** WHAT YOU ARE ASKED TO DO **
Starting at the line that contains "Image: Fury will", print each line exactly through the end of the listing. Skip any pictures and add nothing.

** DATASET EXTRACT **
◆ ◆ ◆ ◆ ◆

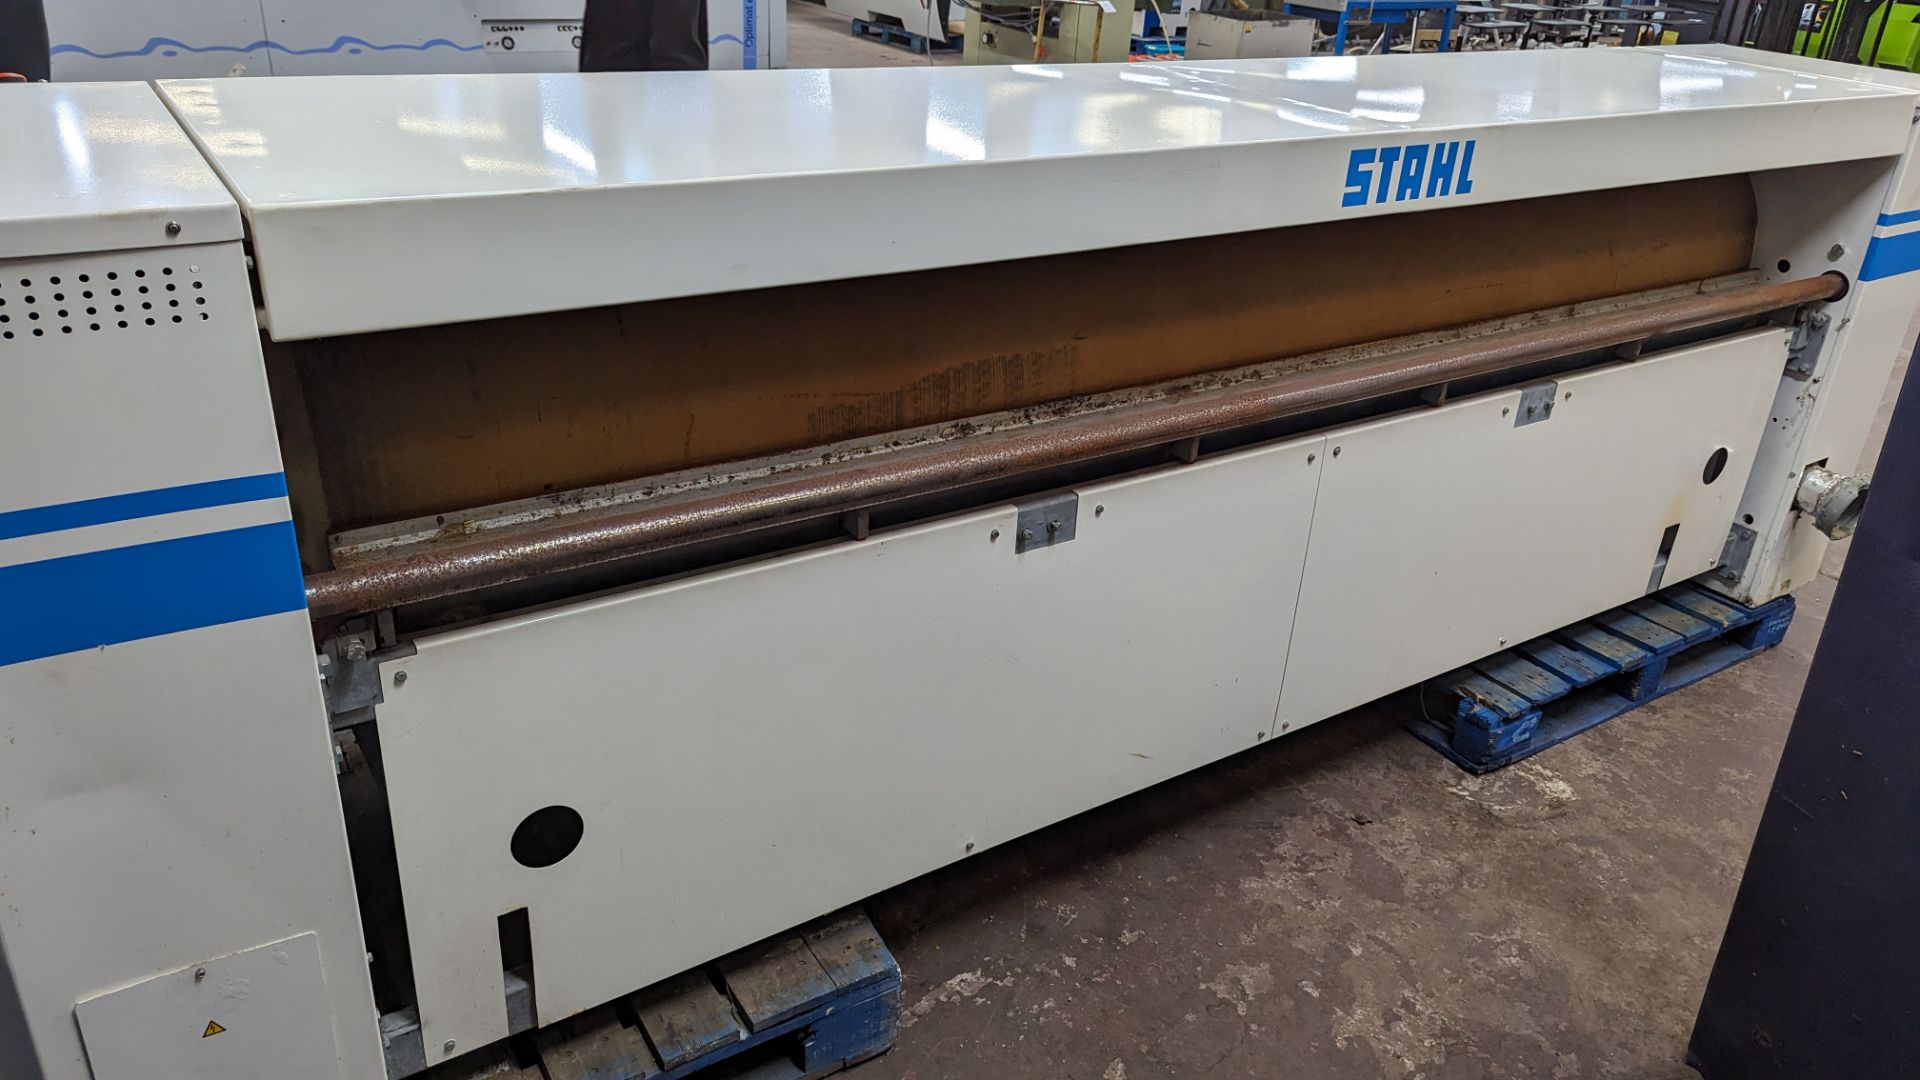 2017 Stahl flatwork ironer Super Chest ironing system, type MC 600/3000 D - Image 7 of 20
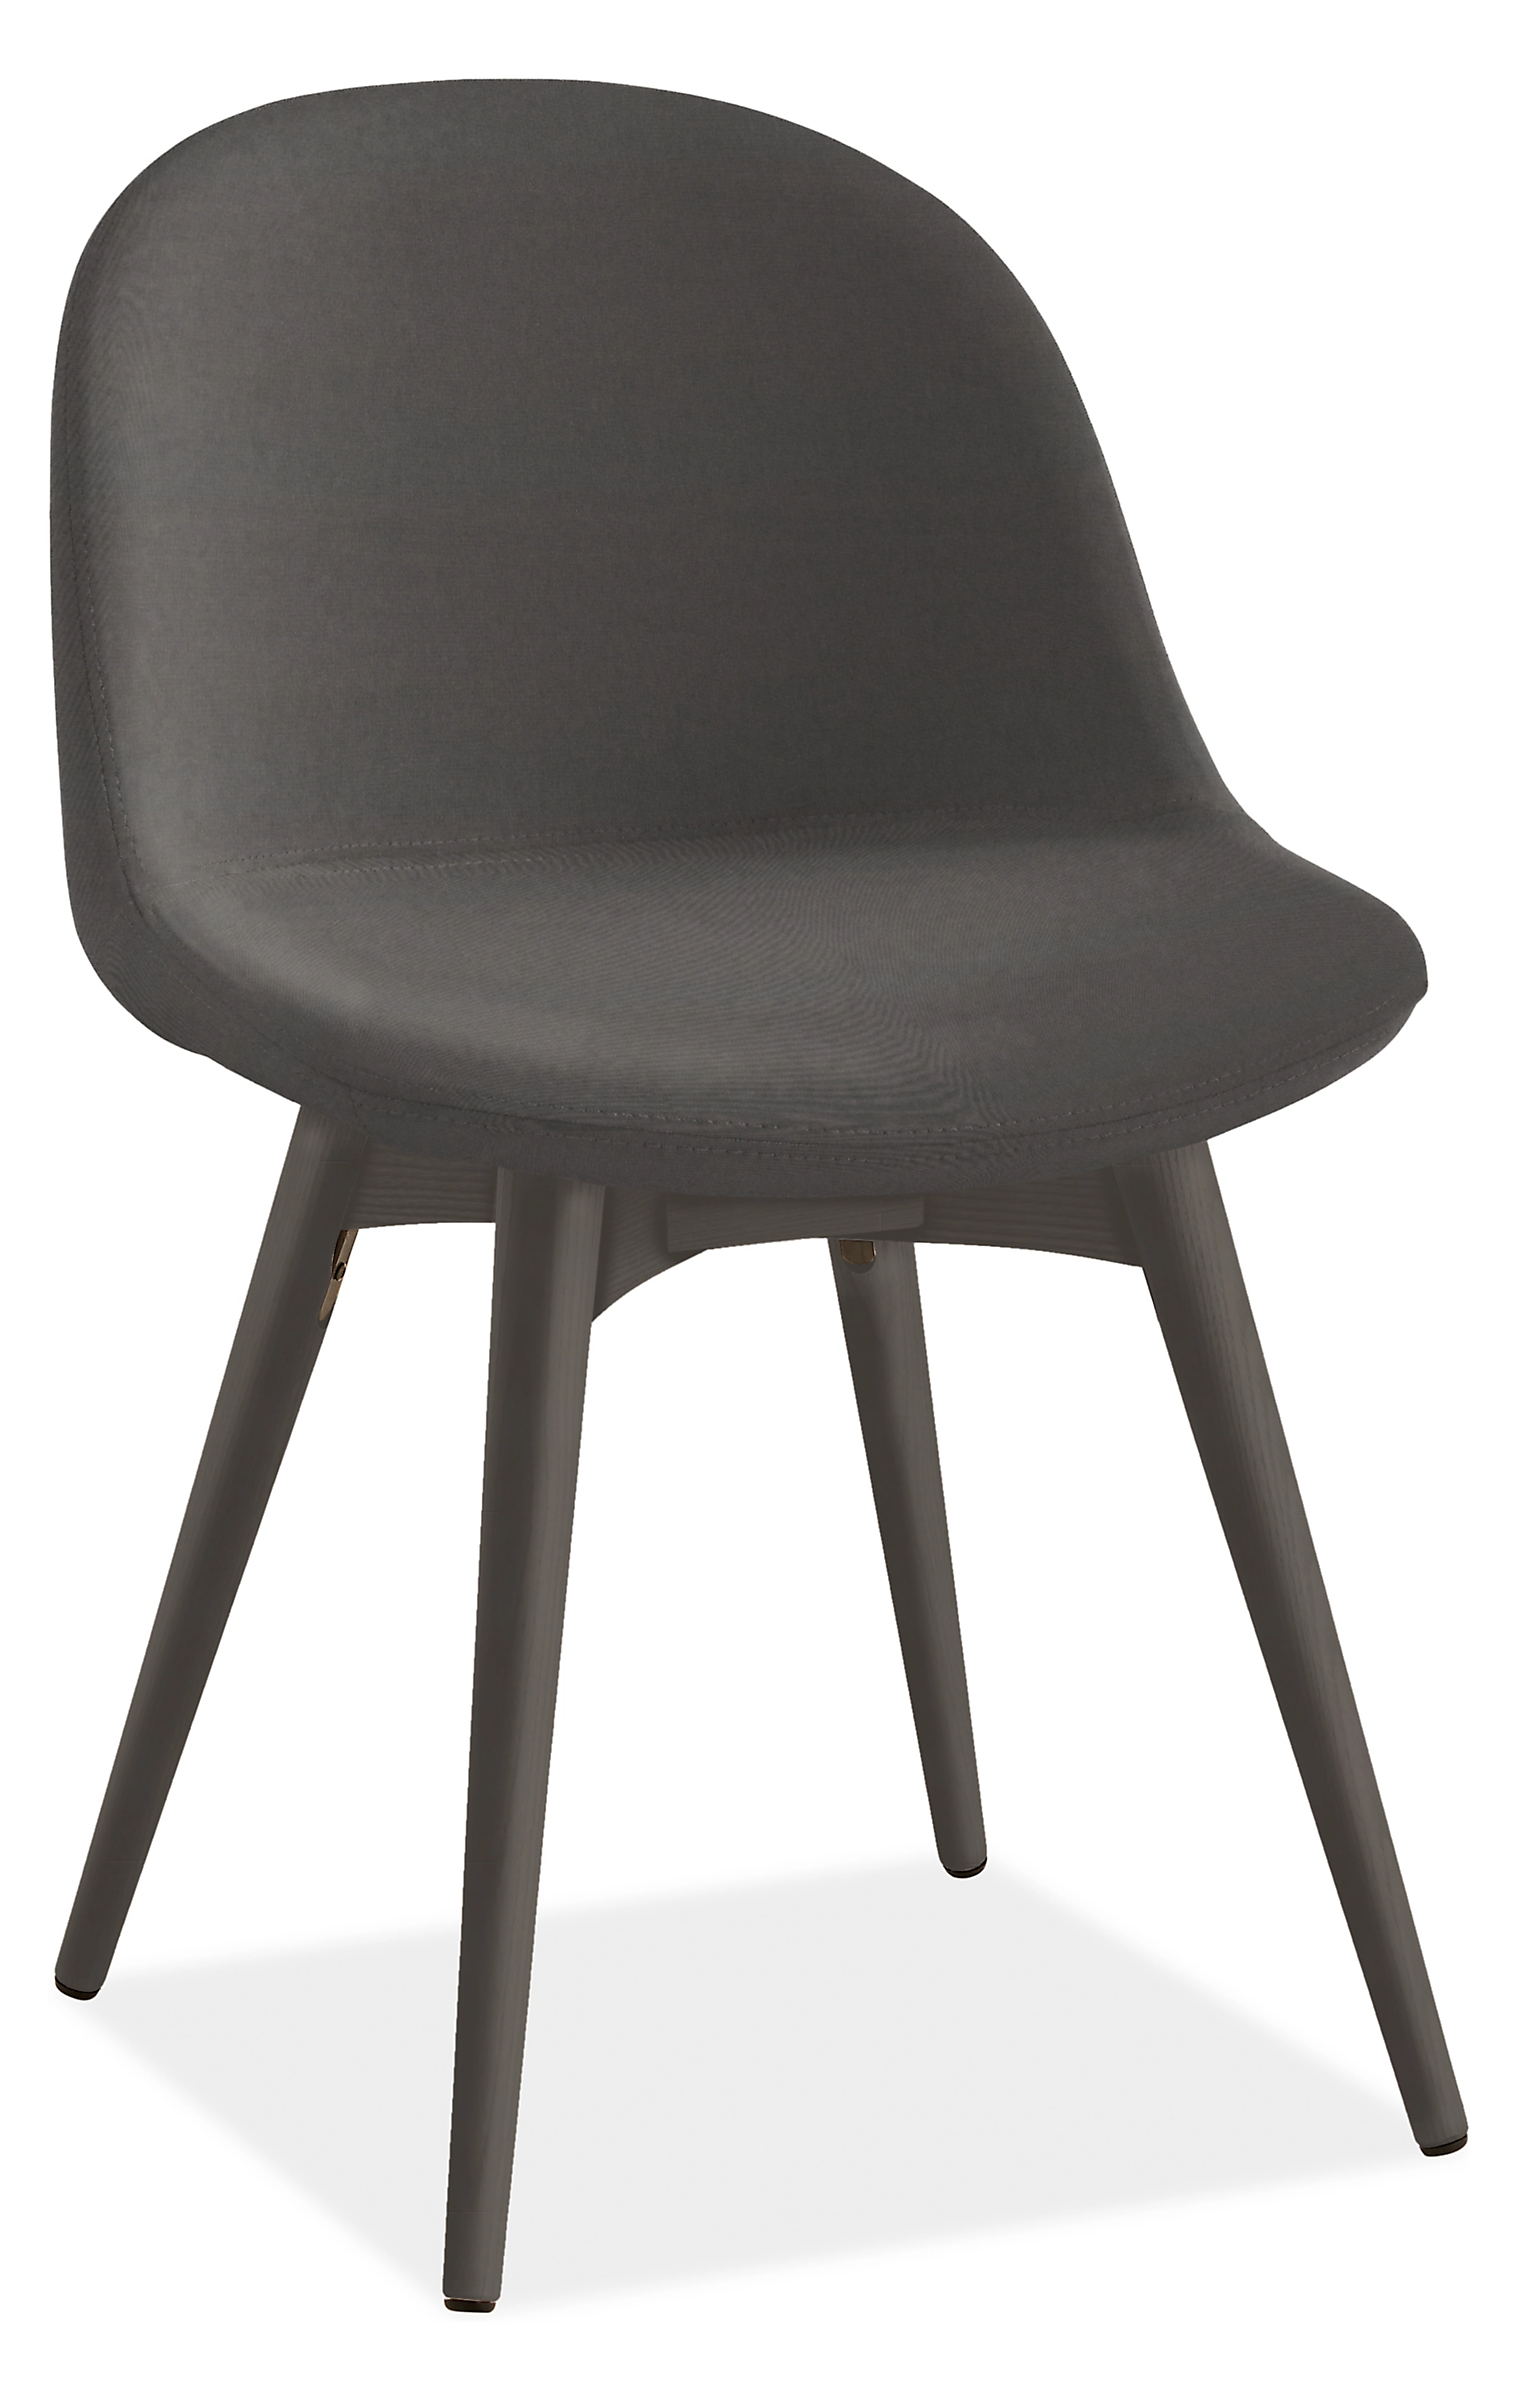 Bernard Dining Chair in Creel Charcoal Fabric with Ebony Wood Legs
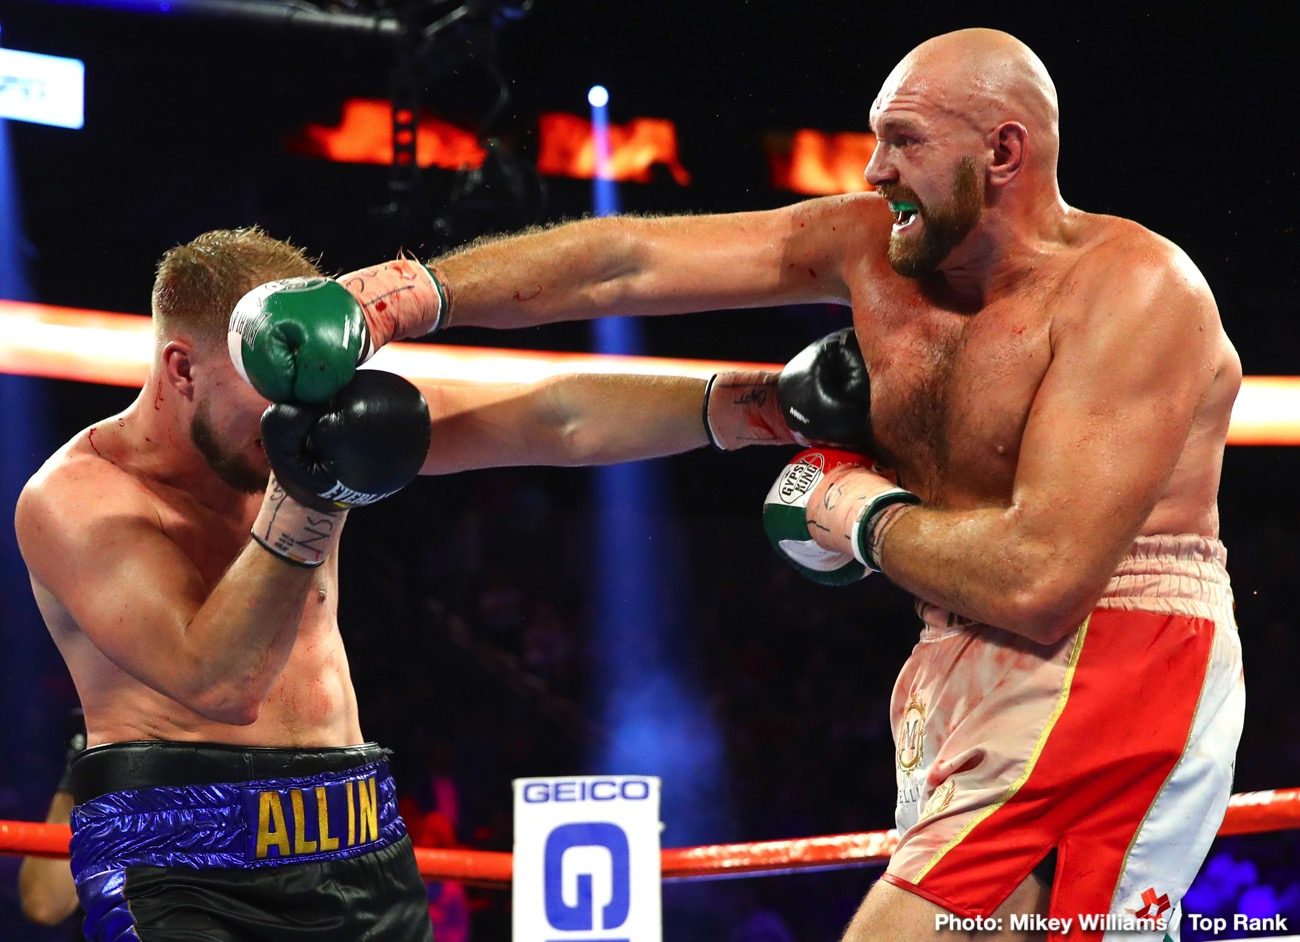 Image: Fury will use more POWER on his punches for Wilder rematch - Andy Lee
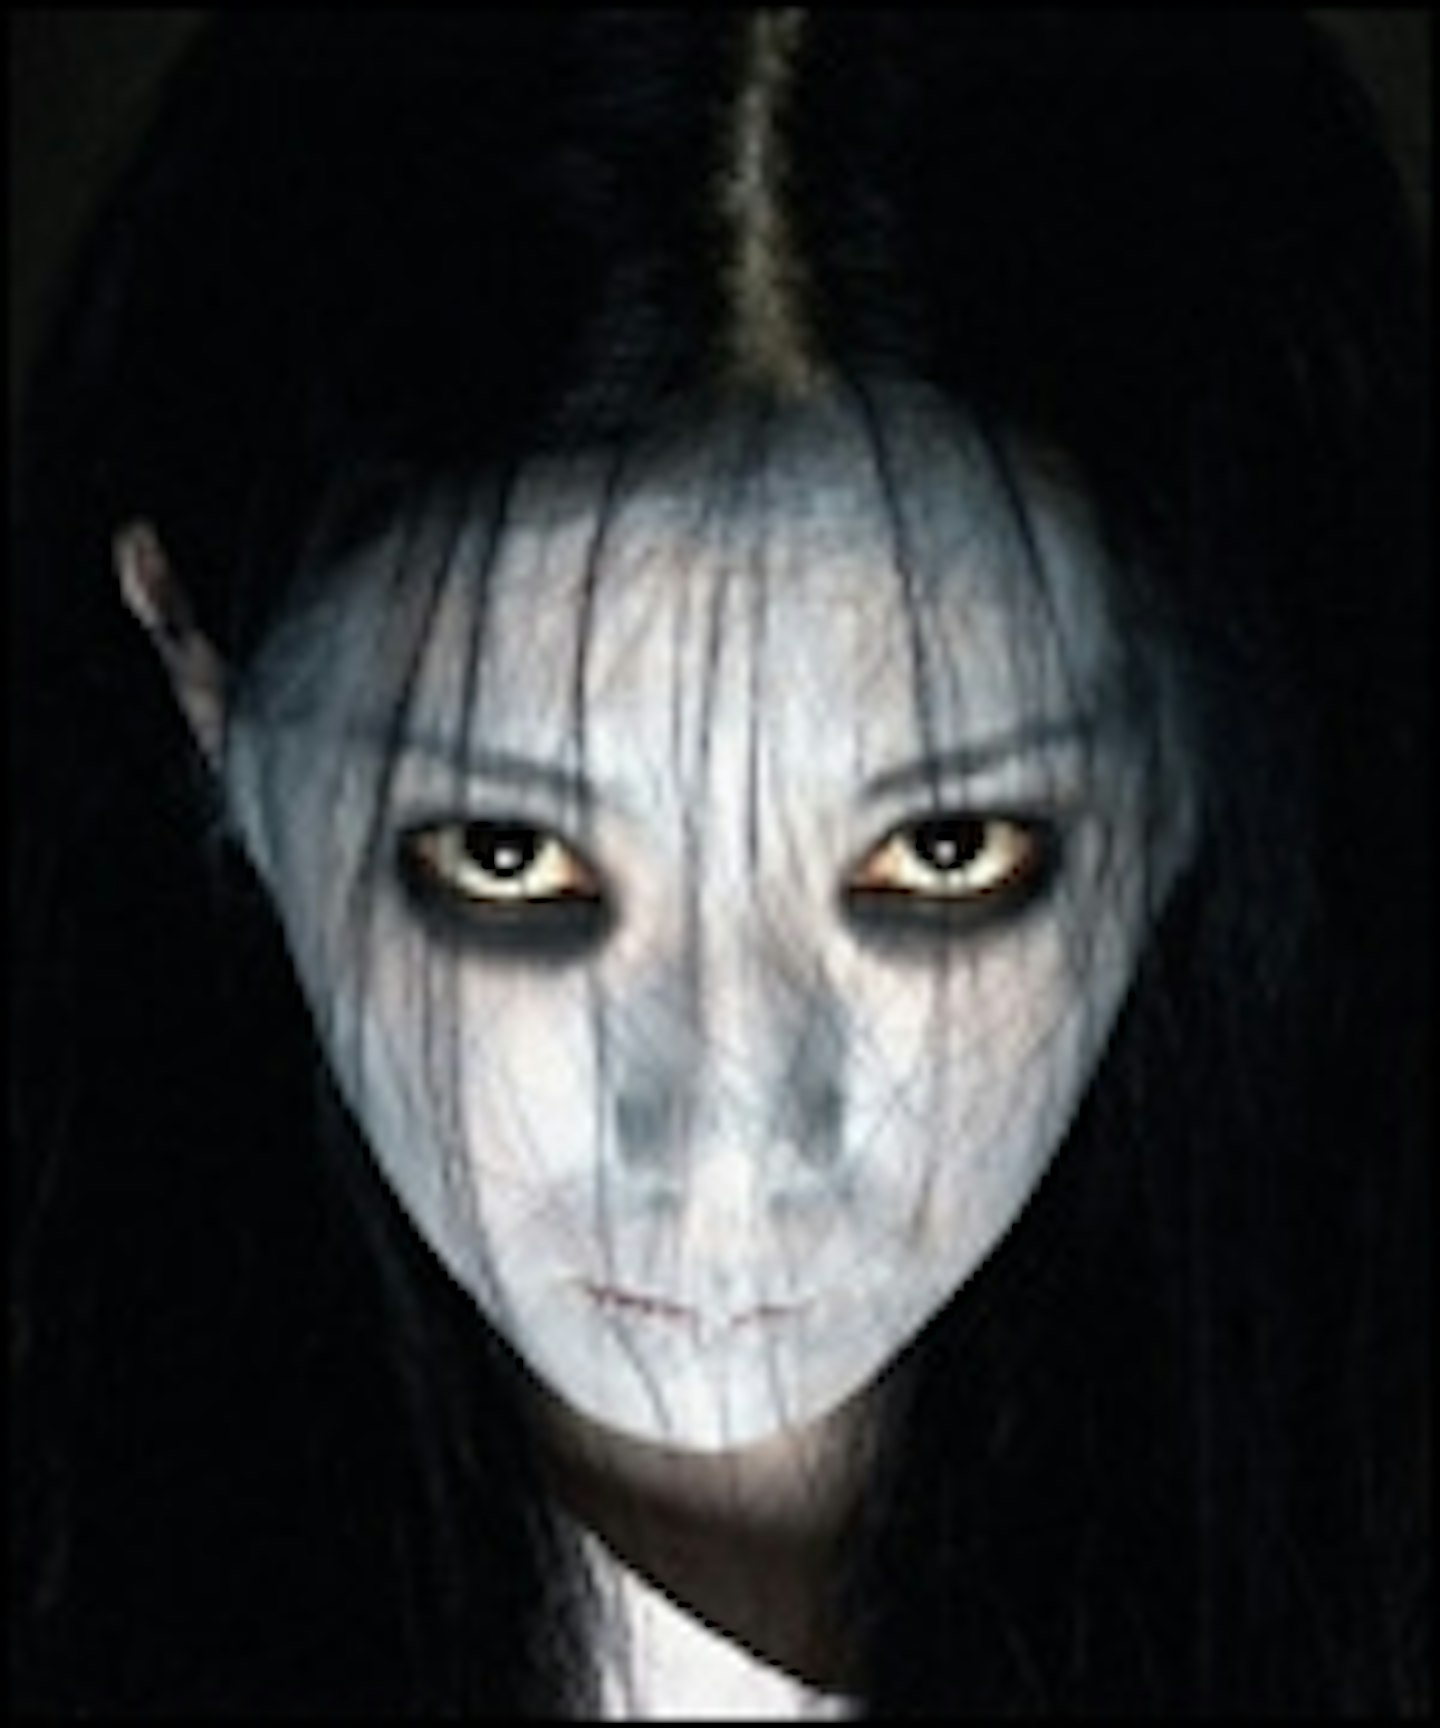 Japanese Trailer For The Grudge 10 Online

◆ ◆ ◆ ◆ ◆

** EXERCISE OUTPUT **
 Image: Fury will use more POWER on his punches for Wilder rematch - Andy Lee
 Japanese Trailer For The Grudge 10 Online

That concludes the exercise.